--- PROVIDED DATA Enclosed Below ---

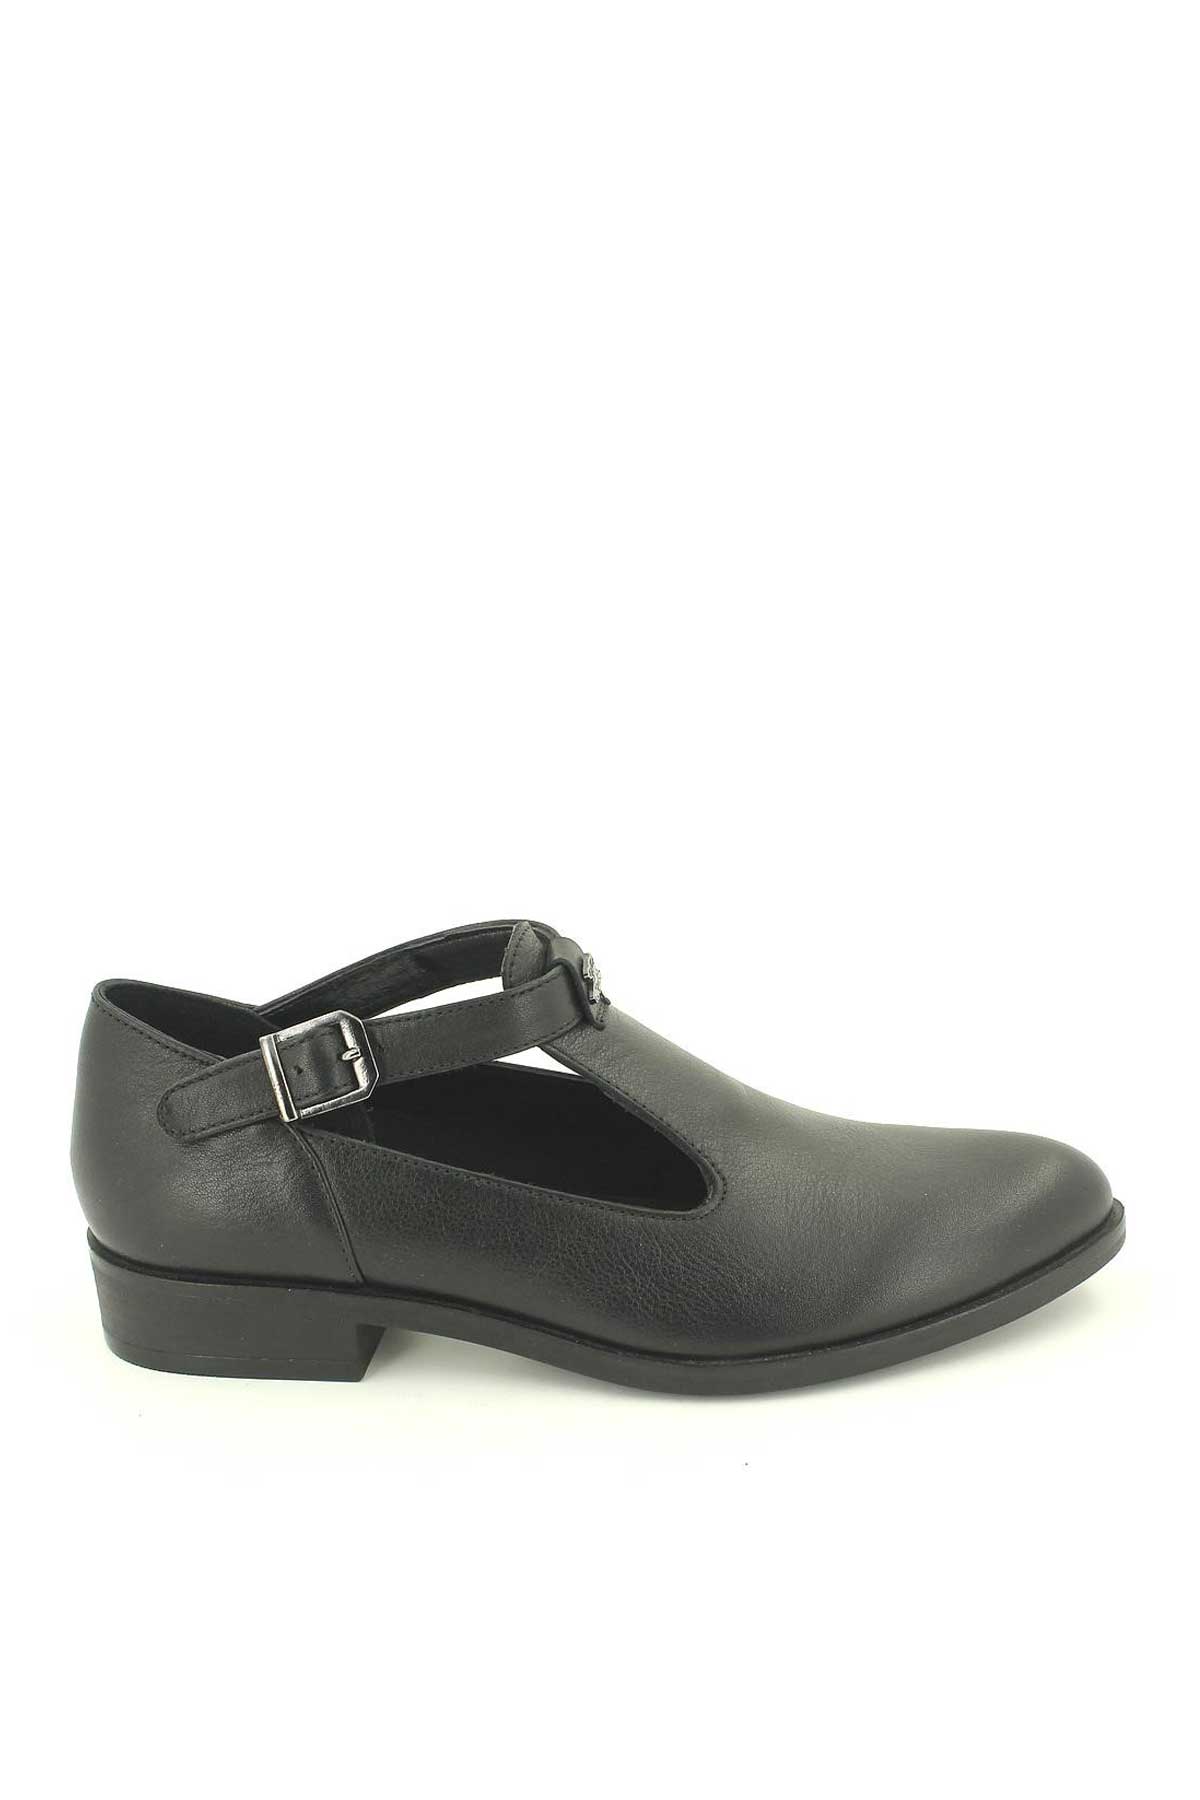 Kadın Deri Ayakkabı Siyah 145405K - Thumbnail
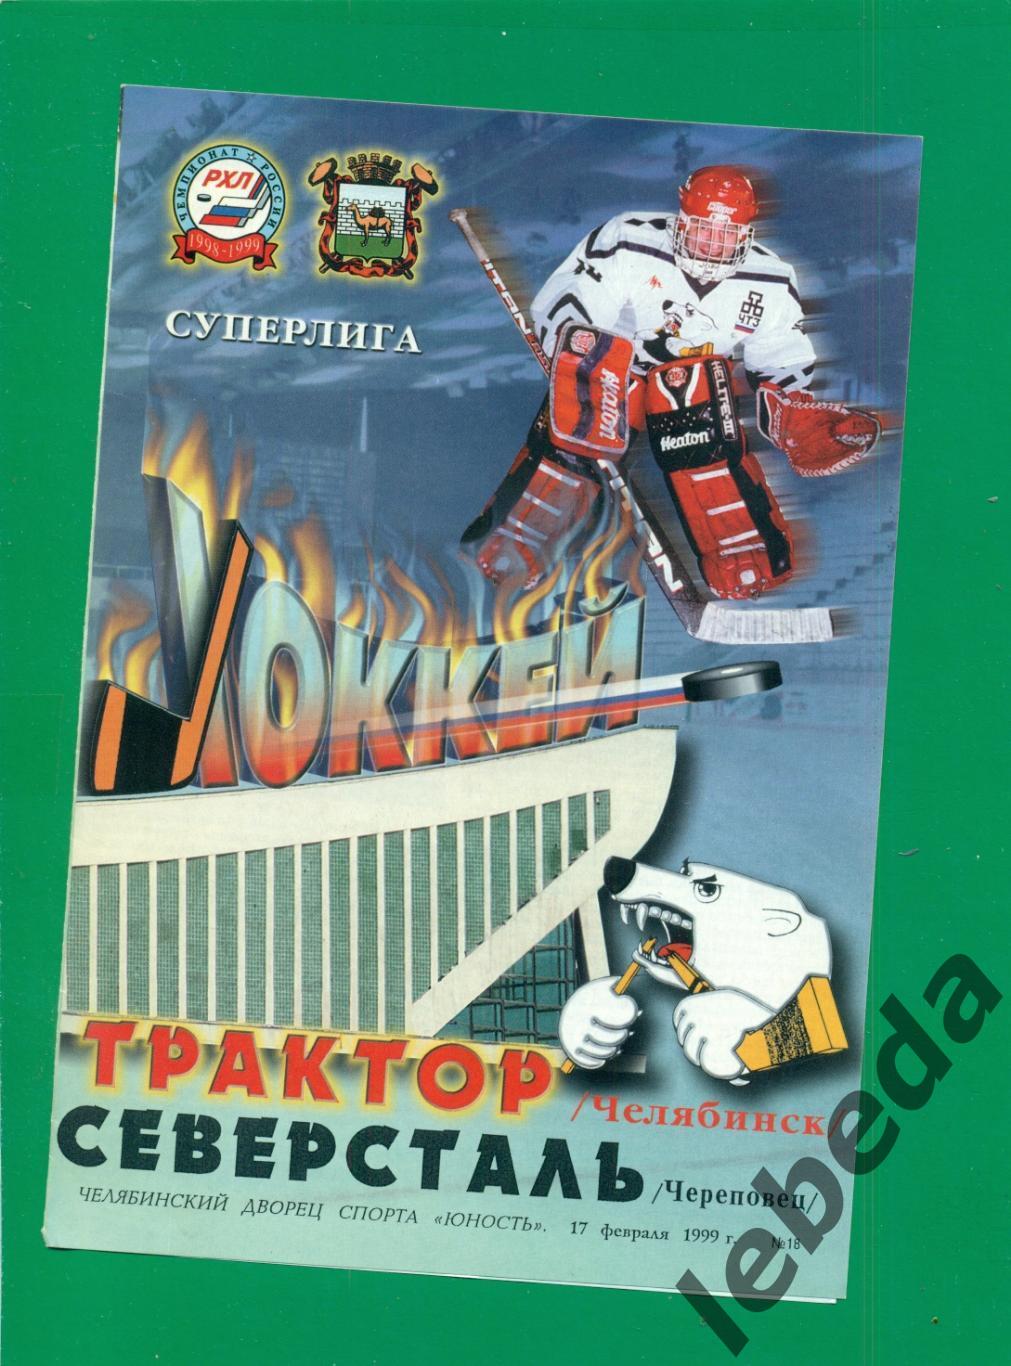 Трактор Челябинск - Северсталь Чеоеповец - 1998 / 1999 г. (17.02.1999.)
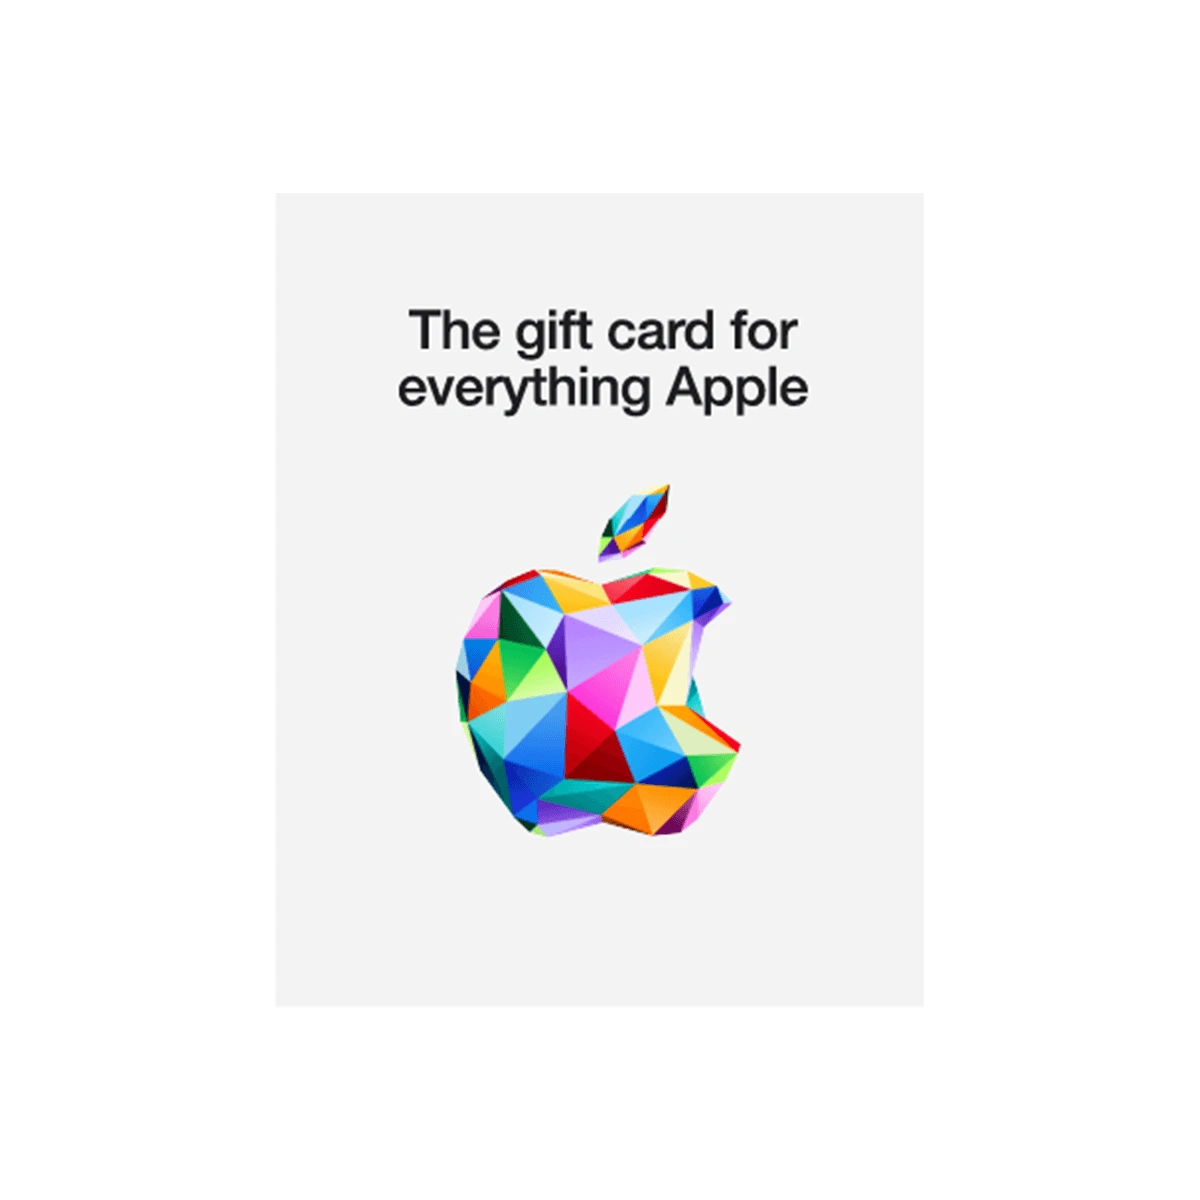 Carte Apple Store - ITunes 100 Euro - VOTRE SPÉCIALISTE JOUETS AU MAROC
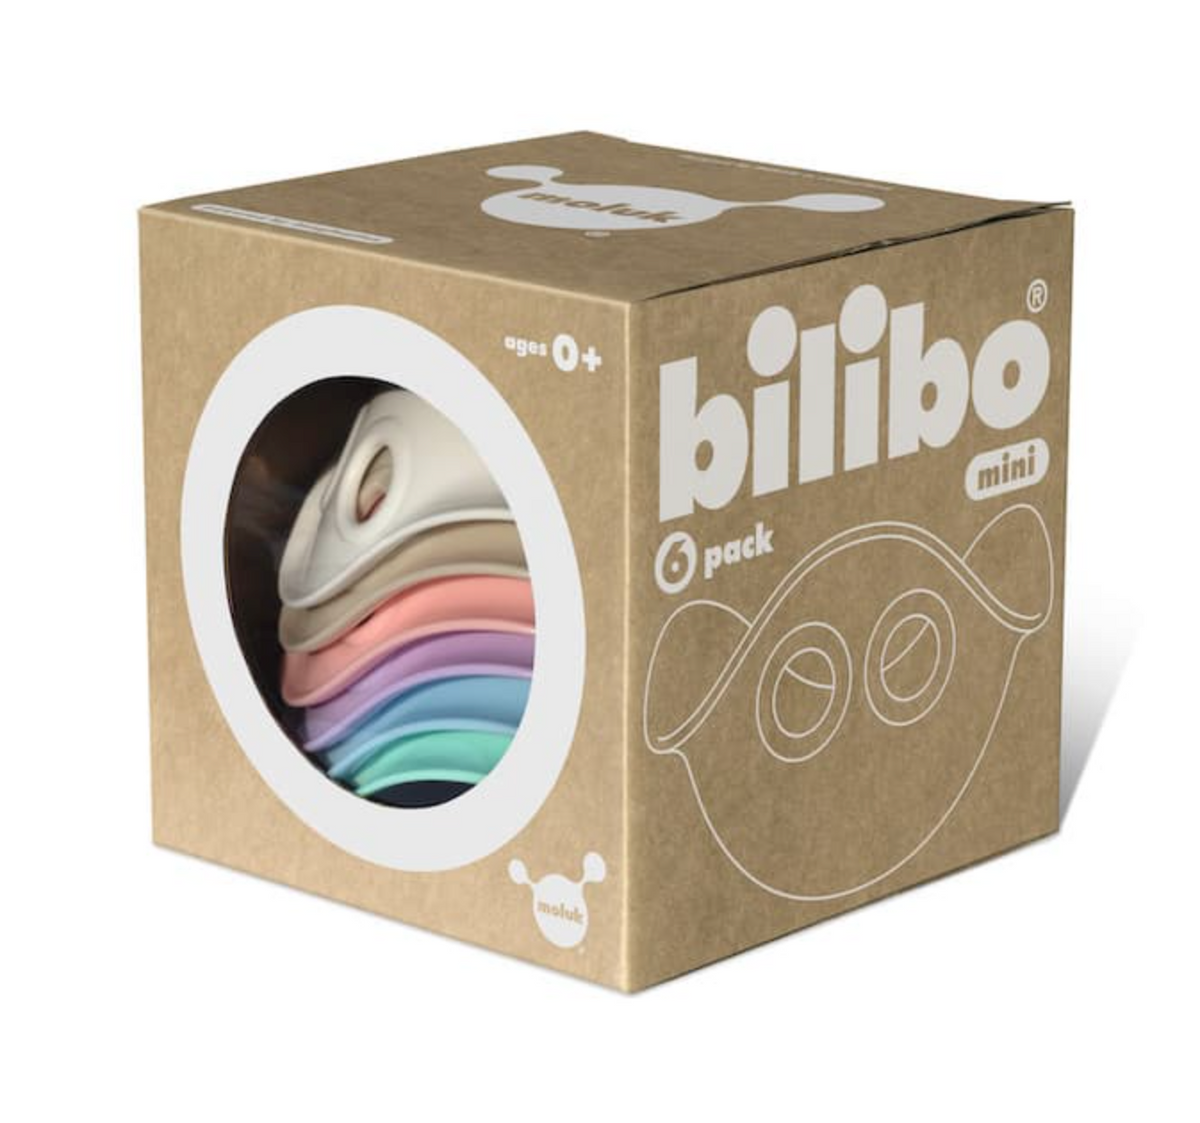 Bilibo Mini - Pastel

--- End of Enclosed PROVIDED DATA ---

WORK ORDER >> Leave every picture out, and transcribe the data above exactly as it reads.

EXERCISE RESULT >>
 Kadın Deri Ayakkabı Siyah 145405K - Thumbnail
 Трактор Челябинск - Северсталь Чеоеповец - 1998 / 1999 г. (17.02.1999.)
 Carte Apple Store - ITunes 100 Euro - VOTRE SPÉCIALISTE JOUETS AU MAROC
 Bilibo Mini - Pastel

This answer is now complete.